Task to carry out:
Reproduce every record below exactly, with the pictures left out.

Data provided:
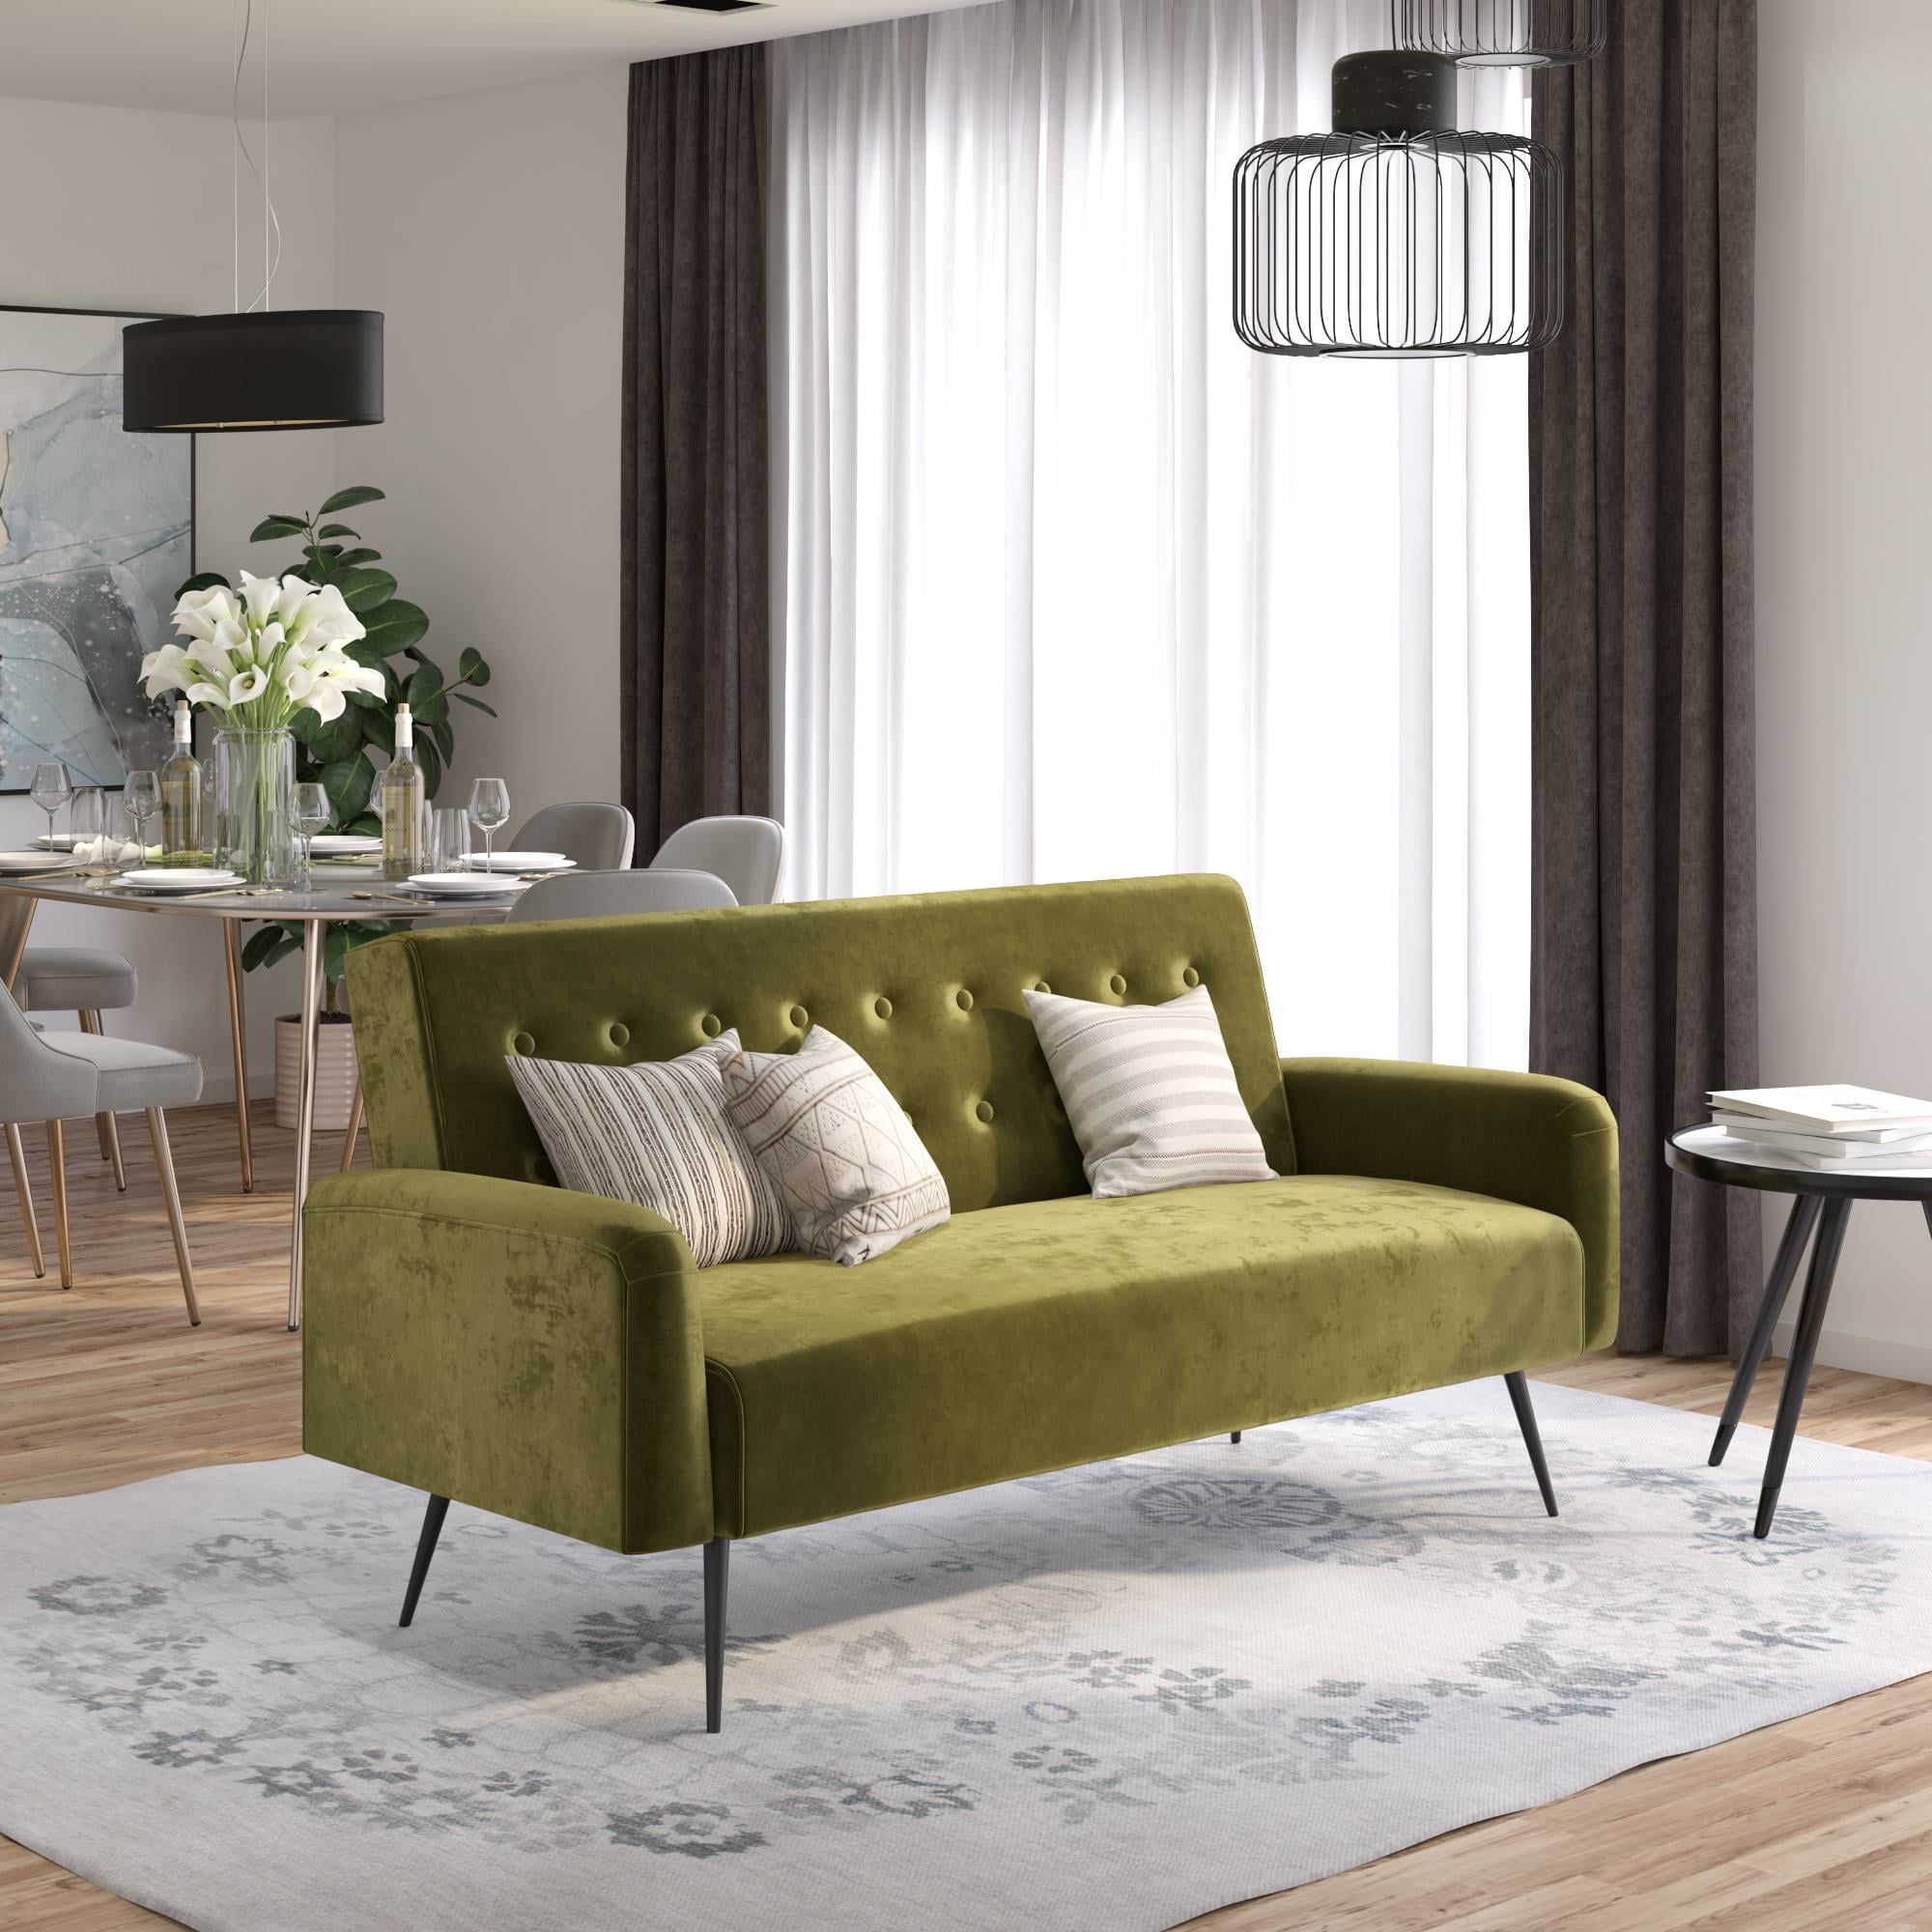 Buy Znovogratz Stevie Futon, Convertible Sofa Bed Couch, Green Throughout 66" Convertible Velvet Sofa Beds (View 15 of 15)
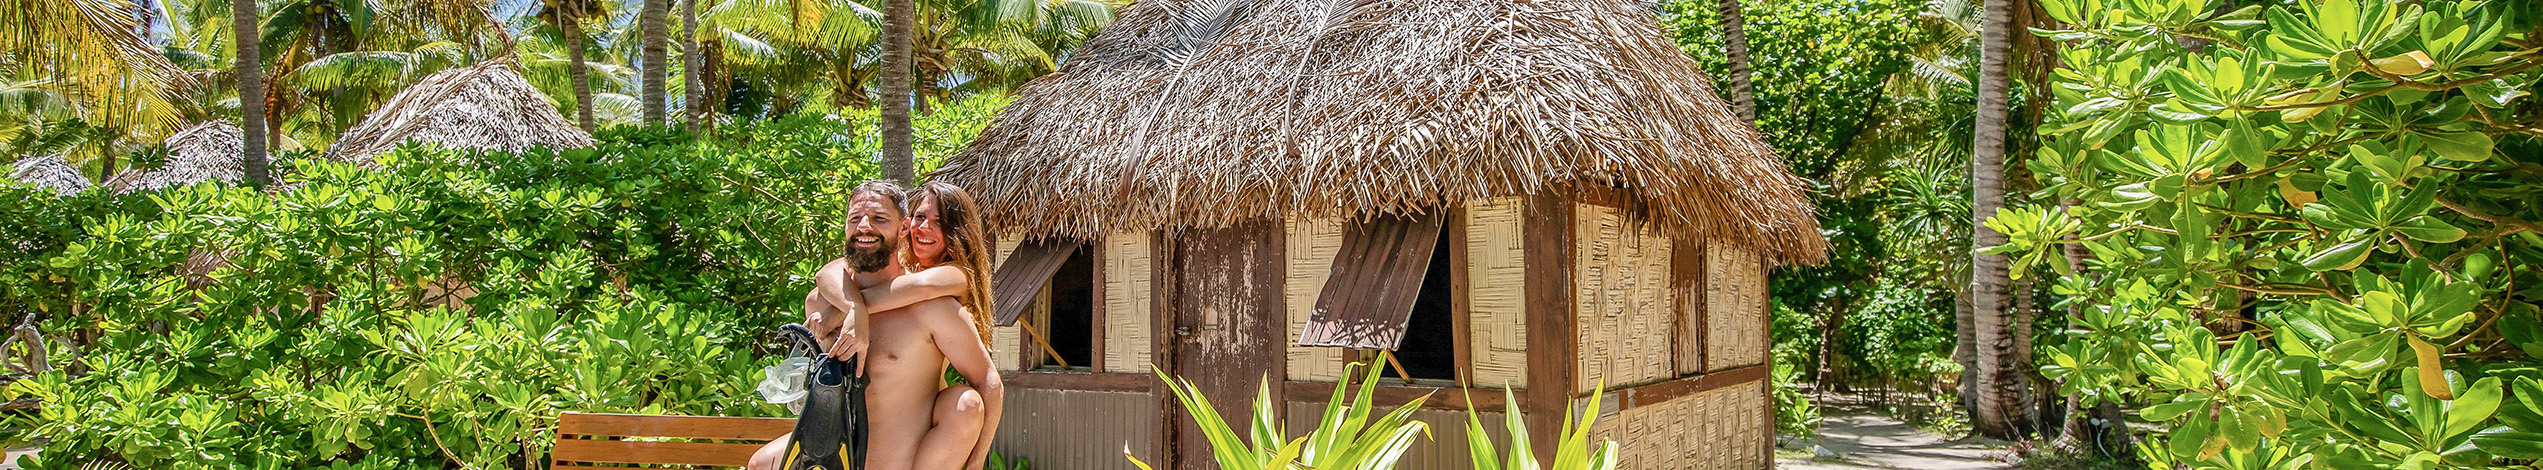 Tag med Jysk Rejsebureau på ø-hop til Fijis paradisøer
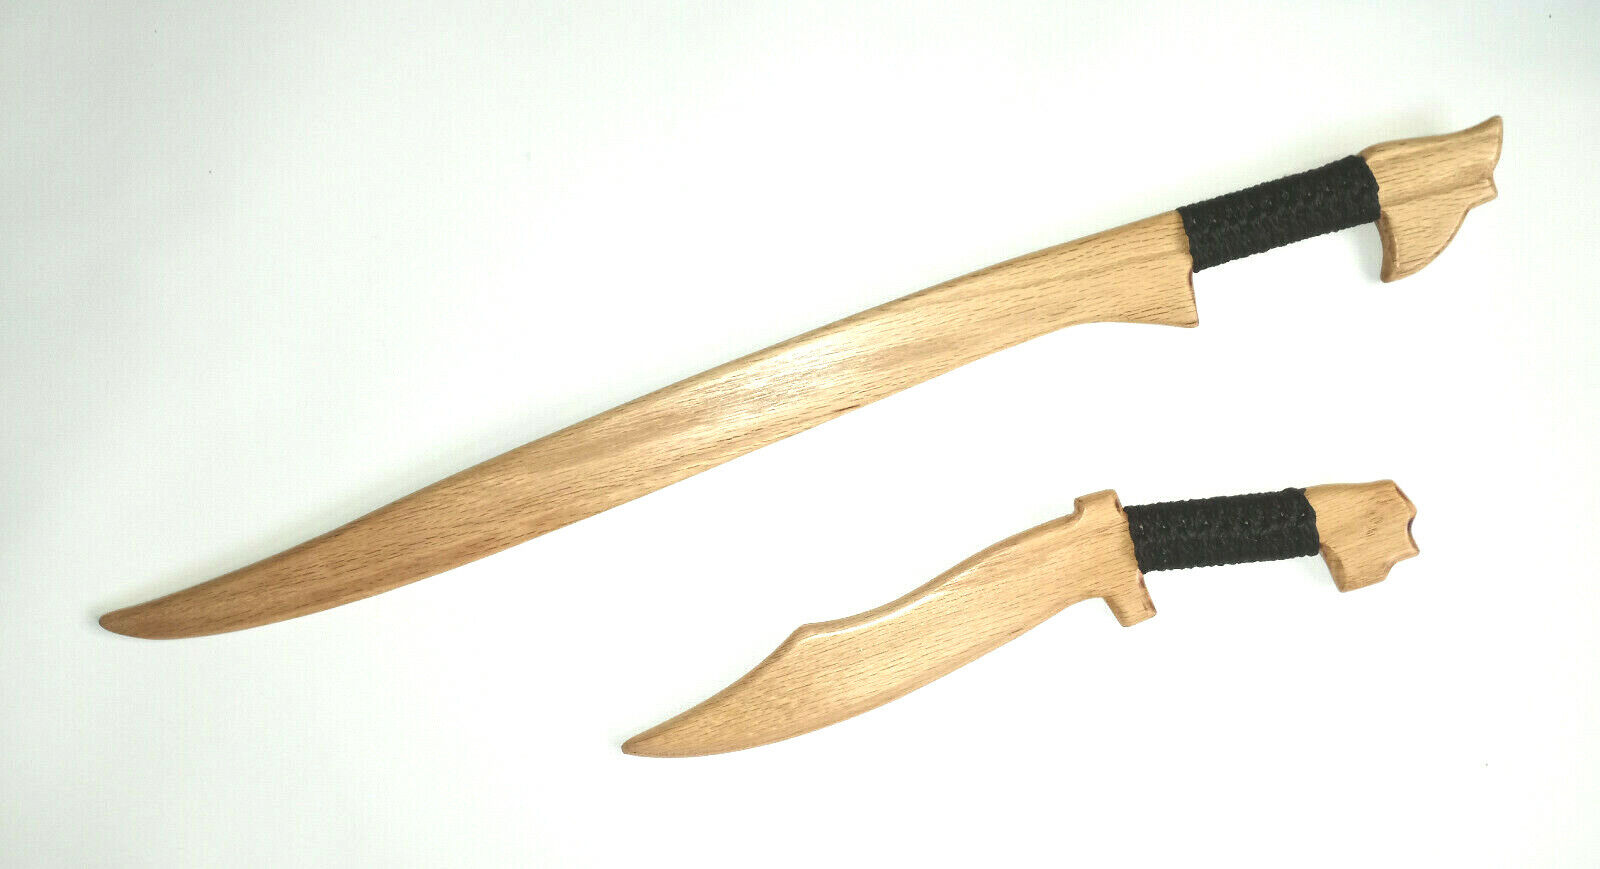 Training Sword Espada Dagger Kali Escrima Wood Katana Bokken Practice Knife
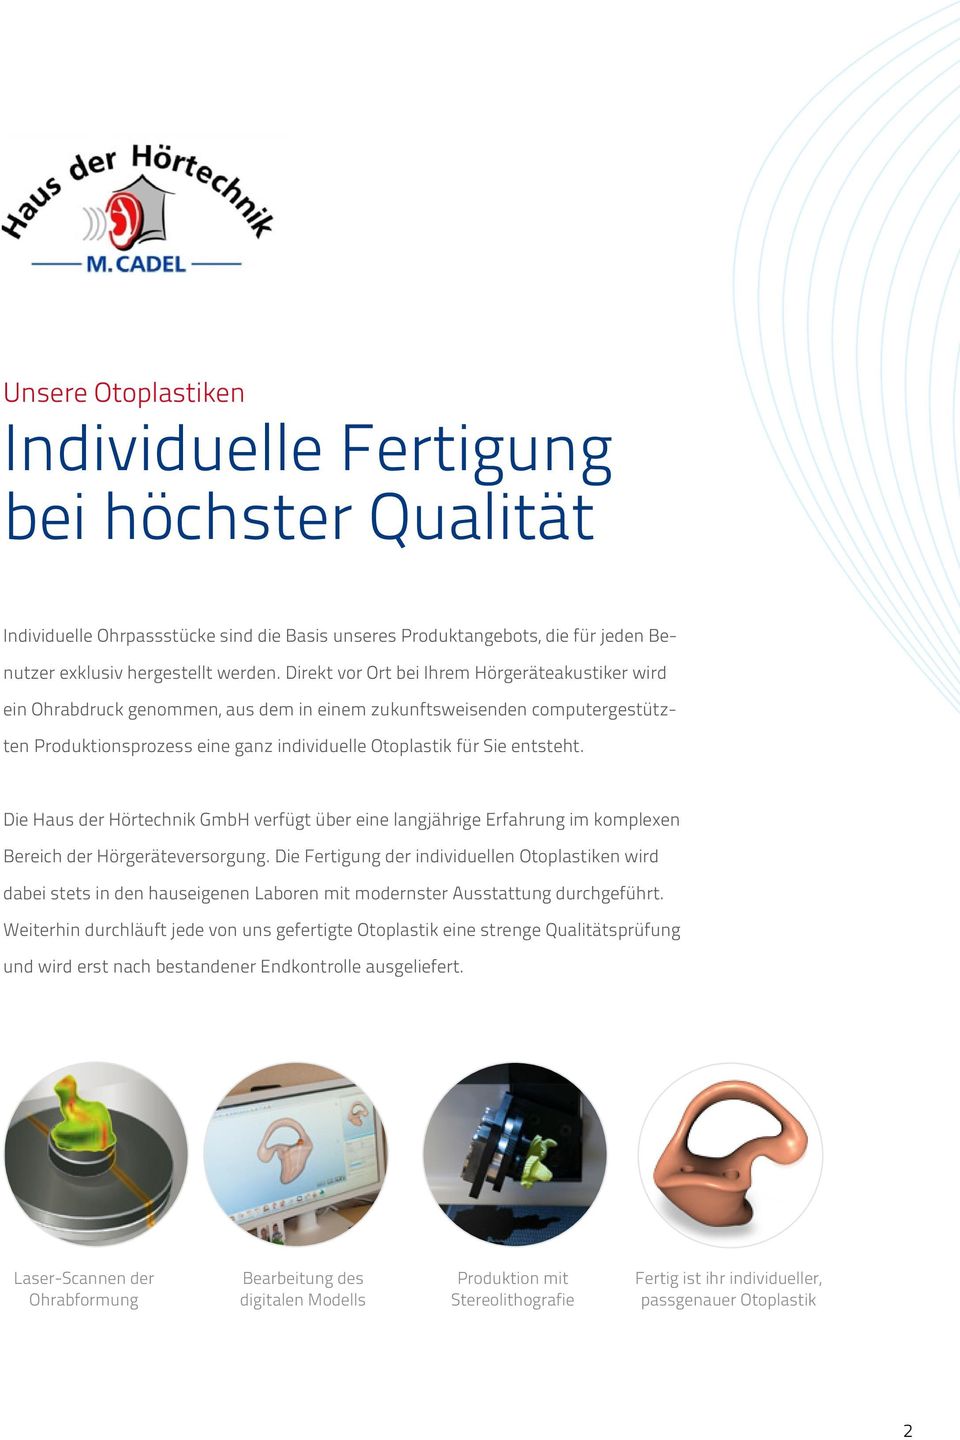 Die Haus der Hörtechnik GmbH verfügt über eine langjährige Erfahrung im komplexen Bereich der Hörgeräteversorgung.
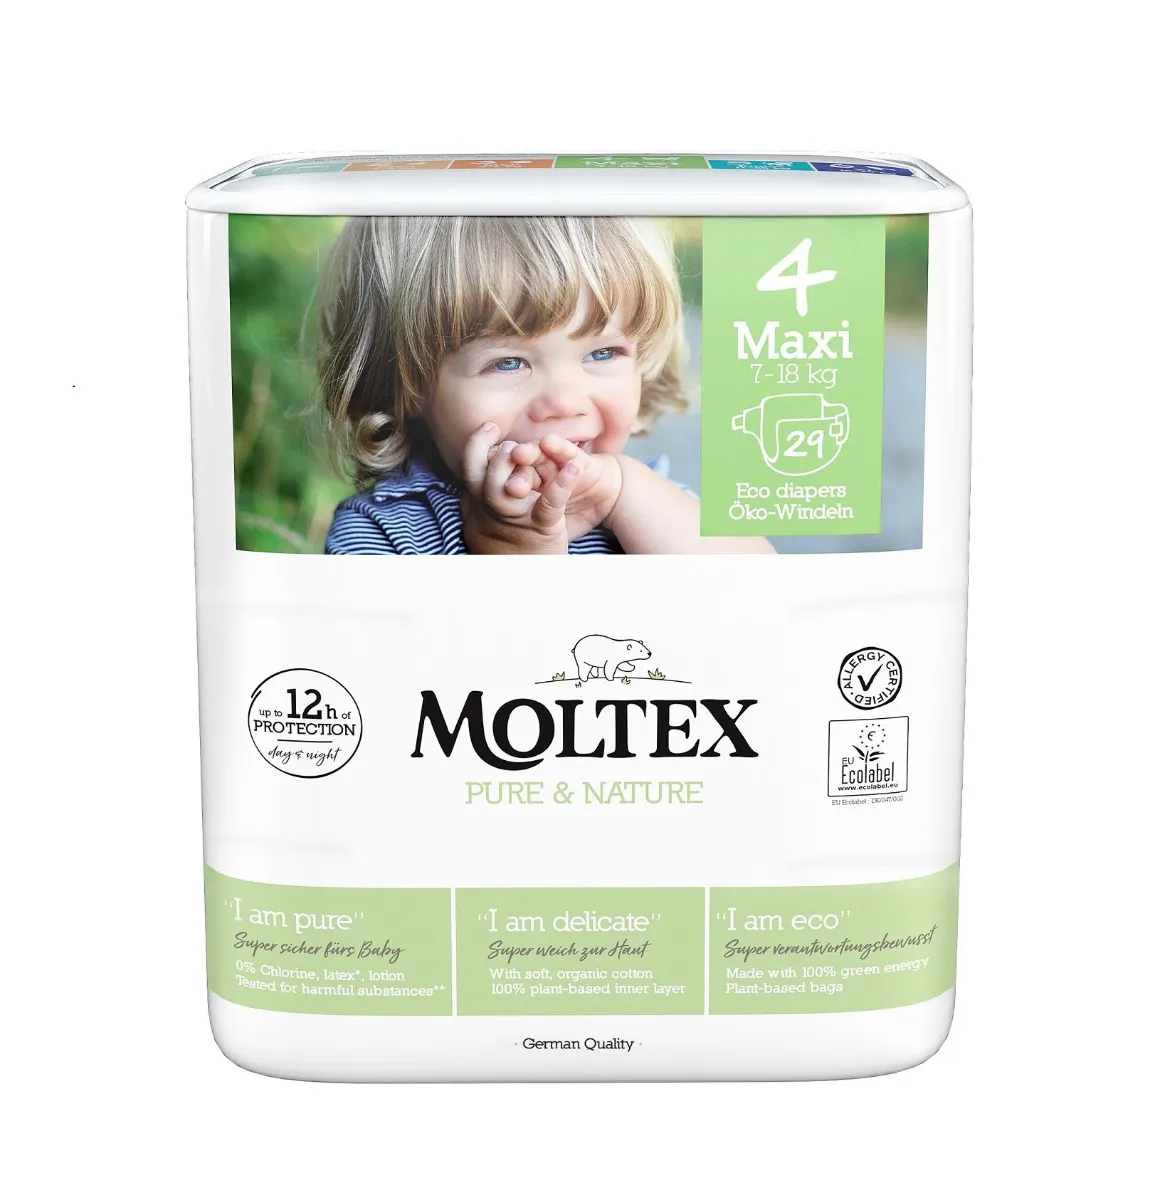 Moltex Pure & Nature Maxi 7-18 kg

Output of the task:
 Buy Znovogratz Stevie Futon, Convertible Sofa Bed Couch, Green Throughout 66" Convertible Velvet Sofa Beds (View 15 of 15)
 Tag med Jysk Rejsebureau på ø-hop til Fijis paradisøer
 Training Sword Espada Dagger Kali Escrima Wood Katana Bokken Practice Knife
 Die Haus der Hörtechnik GmbH verfügt über eine langjährige Erfahrung im komplexen Bereich der Hörgeräteversorgung.
 Moltex Pure & Nature Maxi 7-18 kg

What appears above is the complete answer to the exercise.